Of course, all individuals differ in their life experiences and the genes they inherit from their parents, so the relative importance of genes and environment will vary from person to person. Having a genetic predisposition to bipolar disorder in the family doesn’t mean somebody’s destined to develop it.
The best way of illustrating this is to look at studies of identical twins. If one twin has bipolar disorder, their genetically identical sibling has a 60% chance of developing the illness and a 40% chance of staying bipolar-free. If a bipolar disorder were purely genetic, both twins would be diagnosed 100% of the time.
So if the cause of bipolar disorder can’t be purely genetic, what other environmental, mental factors can cause bipolarity?
- Upbringing may play a part for some people, such as the traumatic childhood shared by Amanda’s mum and Sarah’s dad.
- Stress and depression due to positive and negative events are highly involved in triggering bipolar and other mental illnesses.
- The use of street drugs such as cannabis can also trigger bipolar and other mental disorders.
- Hormonal changes, particularly for women going through menopause.
- Persistent lack of sleep can be a trigger.
What are Bipolar Disorder Symptoms?
People with bipolar often swing between depression and mania. But there’s no ‘typical’ pattern of symptoms.
Every bipolar person is different, and the length of time they spend in extreme mood (high or low) is very variable – it can be days, weeks, or even months.
A person with bipolar disorder can have any number of episodes of highs and lows throughout their life. There can be periods of normal mood in between the two extremes.
Still, some people can swing between depression and mania quite quickly without a period of stability in the middle.
More than four mood swings in one year are known as ‘rapid cycling bipolar disorder,’ and some people who rapid cycle can have monthly, weekly, or even daily mood swings (sometimes called ‘ultra-rapid cycling’).
According to the latest Diagnostic and Statistical Manual of Mental Disorders or DSM IV, the typical symptoms of bipolar disorder are the following:
– Suicidal Thoughts
– Alcohol and Drug Abuse
Whereas other ‘unofficial’ symptoms include anxiety, low self-esteem, libido problems, and self-harm.
Bipolar Disorder is often Misdiagnosed
In one national survey, 70% of people with bipolar disorder were initially misdiagnosed. Why so?
Well, the first clue that someone has bipolar disorder is often a depressive episode. If someone seeks help from their family doctor at this point, and if the patient mentions no mention of previous mania or a family history of bipolar disorder, the doctor is likely to make a diagnosis and suggest treatment for depression.
On the other hand, first experiences of mania are not always reported.
A manic episode, especially in the early stages, often feels so enjoyable that the person experiencing it can’t see the problem.

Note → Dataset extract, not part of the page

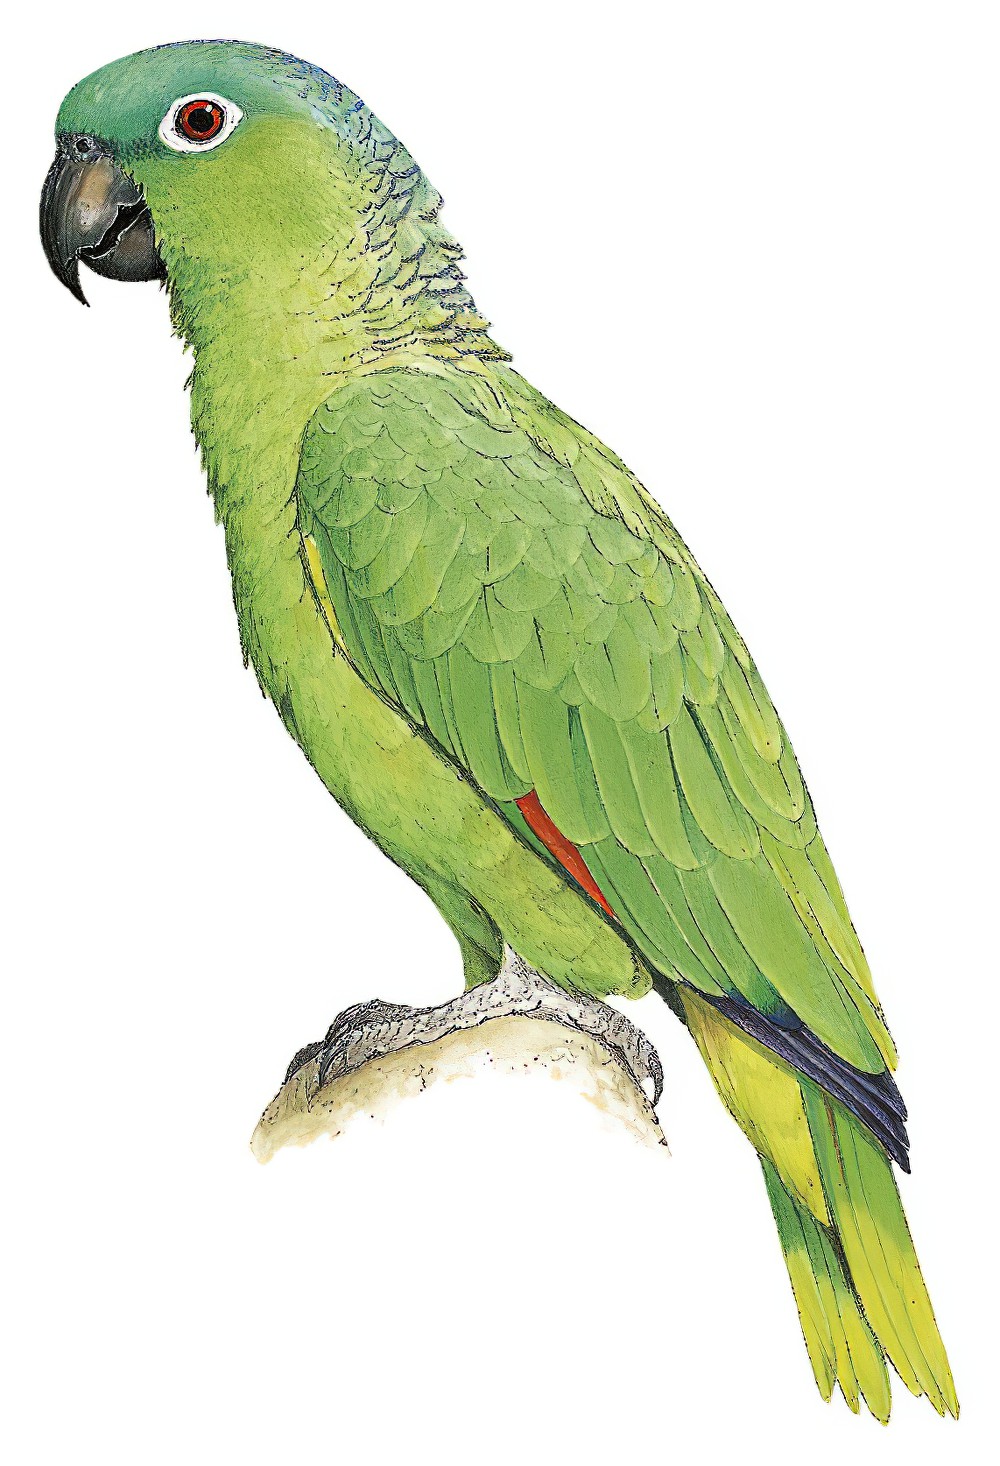 Mealy Parrot / Amazona farinosa

Their family and friends may be alarmed and try to intervene, but for the manic person, feeling euphoric and invincible, it seems as if everyone else is trying to spoil their fun: ‘Why should I go to the doctor? There’s nothing wrong with me!’
On average, someone with bipolarity has to consult four different doctors before making the correct diagnosis.
Andrea Sutcliffe, deputy chief executive of NICE, says: ‘ bipolar disorder often goes unrecognized or misdiagnosed. And concluded with, “more right ways still needs to be introduced to raise awareness of the condition and effective treatments.”
The Final Takeaway: Treatment of Bipolar Disorder
So, most of you must be thinking, what is the most effective way to treat bipolar disorder?
It can’t be said enough times that bipolar disorder is a lifelong condition like diabetes or asthma. The treatment for bipolar is the management of a chronic illness, not a permanent cure.
Hey! Don’t lose hope. This isn’t necessarily bad news.
So much more can be done nowadays to treat bipolar disorder successfully, reduce or remove symptoms, and help someone with a diagnosis live a happy and stable life.
Promoting a healthy lifestyle, taking the right medication, and taking good care of the patient will surely help prevent future relapse.